无痛理解贝叶斯网络理论

Eugene Charniak (1991). Bayesian Networks without Tears. AI Magazine Contents, Volume 12(4): 50-63

译者:陈思源

本文隶属于”每天一篇计算机 Paper”系列博客,更多内容请点击这个链接

本系列博客均非完整译文,如需阅读完整文章,请访问相关图书馆订阅。

Abstract

为概率理论基础相当有限的人工智能研究人员,我给出了一个关于贝叶斯网络的介绍。在过去的几年中,这种使用概率推理的方法在 AI 概率和不确定性社区中变得相当流行。实际上可以说,AI-不确定性社区的一大部分都使用了贝叶斯网络作为解决方案的 AI 逻辑论证。然而,尽管它们显然具有明显的重要性,但这些思想和技术并没有传播到相关的研究领域之外。这可能是因为这些想法和技术并不容易理解。为纠正这种情况,我希望使概率上不复杂的贝叶斯网络更容易理解。

I give an introduction to Bayesian networks for AI researchers with a limited grounding in probability theory. Over the last few years, this method of reasoning using probabilities has become popular within the AI probability and uncertainty community. Indeed, it is probably fair to say that Bayesian networks are to a large segment of the AI-uncertainty community what resolution theorem proving is to the AI-logic community. Nevertheless, despite what seems to be their obvious importance, the ideas and techniques have not spread much beyond the research community responsible for them. This is probably because the ideas and techniques are not that easy to understand. I hope to rectify this situation by making Bayesian networks more accessible to the probabilistically unsophisticated.

Introduction

在过去的几年中,使用概率推理的方法,或者称做信念网络,贝叶斯网络,知识地图,概率因果网络等,已经在AI概率和不确定性社区中变得流行。这种方法在 Judea Pearl(1988)的书中得到了最好的总结,但这些想法是许多人的产物。我采用了 Pearl 的命名,贝叶斯网络,理由是这个名称对于网络的状态是完全中立的(他们真的代表信仰,因果关系或者其它东西吗?)。贝叶斯网络已应用于医学诊断中的问题(Heckerman 1990; Spiegelhalter,Franklin和Bull 1989),地图学习(Dean 1990),语言理解(Charniak和Goldman 1989a,1989b; Goldman 1990),视觉问题(Levitt,Mullin,和Binford 1989),启发式搜索(Hansson和Mayer 1989)等。实际上可以说,AI-不确定性社区的一大部分都使用了贝叶斯网络作为解决方案的 AI 逻辑论证。然而,尽管它们显然具有明显的重要性,但这些思想和技术并没有传播到相关的研究领域之外。这可能是因为这些想法和技术并不容易理解。为纠正这种情况,我希望使概率上不复杂的贝叶斯网络更容易理解。也就是说,本文试图使概率论基础有限的人可以获得基本的相关思想和理论直觉(相当于Charniak和McDermott [1985]中提出的内容)。

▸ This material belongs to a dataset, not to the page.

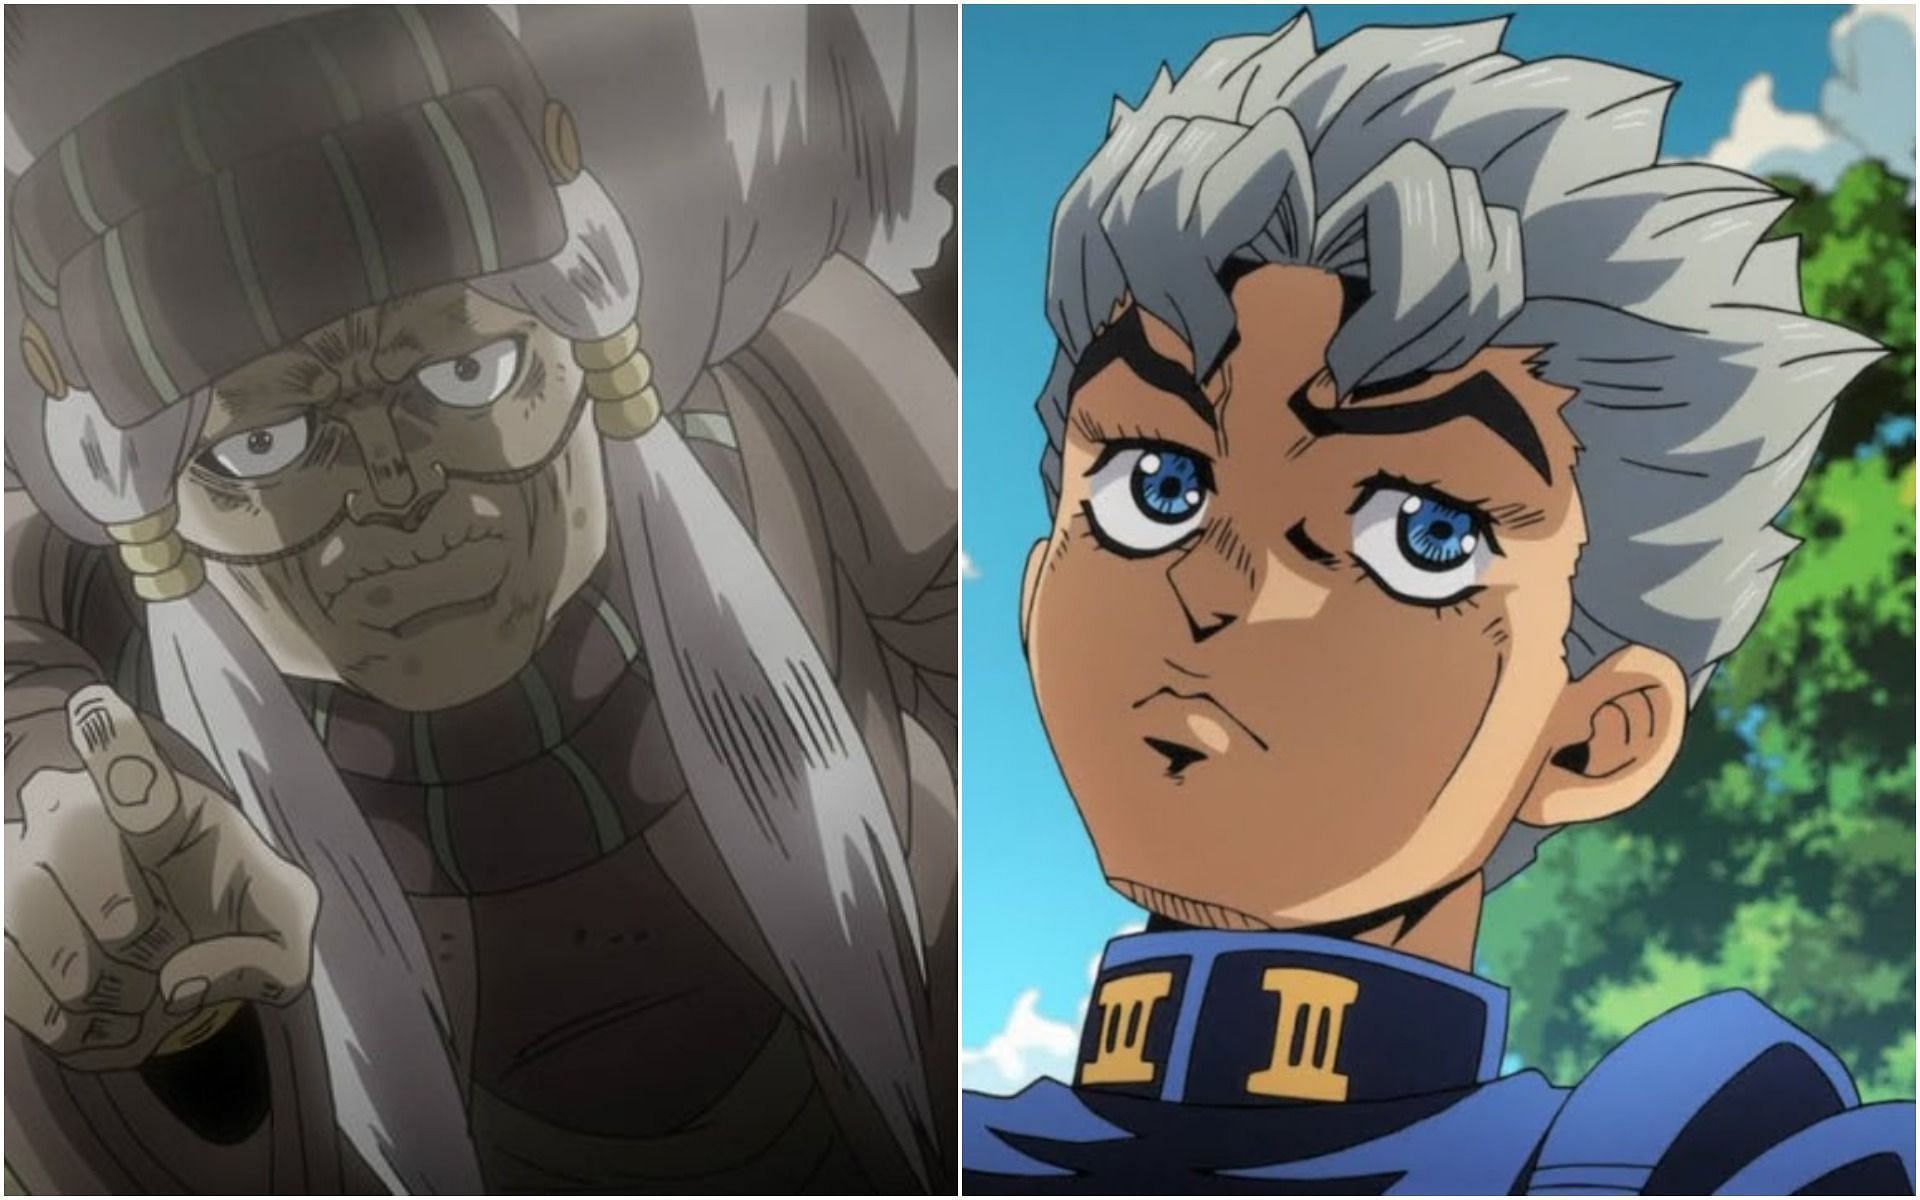 JoJo's Bizarre Adventures: 6 characters who look weak but have unexpectedly  strong Stands

Over the last few years, a method of reasoning using probabilities, variously called belief networks, Bayesian networks, knowledge maps, probabilistic causal networks, and so on, has become popular within the AI probability and uncertainty community. This method is best summarized in Judea Pearl’s (1988) book, but the ideas are a product of many hands. I adopted Pearl’s name, Bayesian networks, on the grounds that the name is completely neutral about the status of the networks (do they really represent beliefs, causality, or what?). Bayesian networks have been applied to problems in medical diagnosis (Heckerman 1990; Spiegelhalter, Franklin, and Bull 1989), map learning (Dean 1990), language understanding (Charniak and Goldman 1989a, 1989b; Goldman 1990), vision (Levitt, Mullin, and Binford 1989), heuristic search (Hansson and Mayer 1989), and so on. It is probably fair to say that Bayesian networks are to a large segment of the AI-uncertainty community what resolution theorem proving is to the AIlogic community. Nevertheless, despite what seems to be their obvious importance, the ideas and techniques have not spread much beyond the research community responsible for them. This is probably because the ideas and techniques are not that easy to understand. I hope to rectify this situation by making Bayesian networks more accessible to the probabilistically unsophisticated. That is, this article tries to make the basic ideas and intuitions accessible to someone with a limited grounding in probability theory (equivalent to what is presented in Charniak and McDermott [1985]).

Conclusions

贝叶斯网络为人工智能研究人员提供了一种方便的方法来尝试解决众多问题,在这些问题中,人们希望得出逻辑上无法保证的结论,而不是概率性的结论。此外,它们允许您在没有指定一组数字的传统障碍的情况下尝试解决这些问题,这些数字随模型的复杂性呈指数级增长。可能它们使用的主要缺点是评估时间(一般情况下的指数时间)。但是,由于现在有很多人使用贝叶斯网络,因此对有效的精确求解方法以及各种近似方案进行了大量研究。我相信贝叶斯网络或其后代是未来的潮流。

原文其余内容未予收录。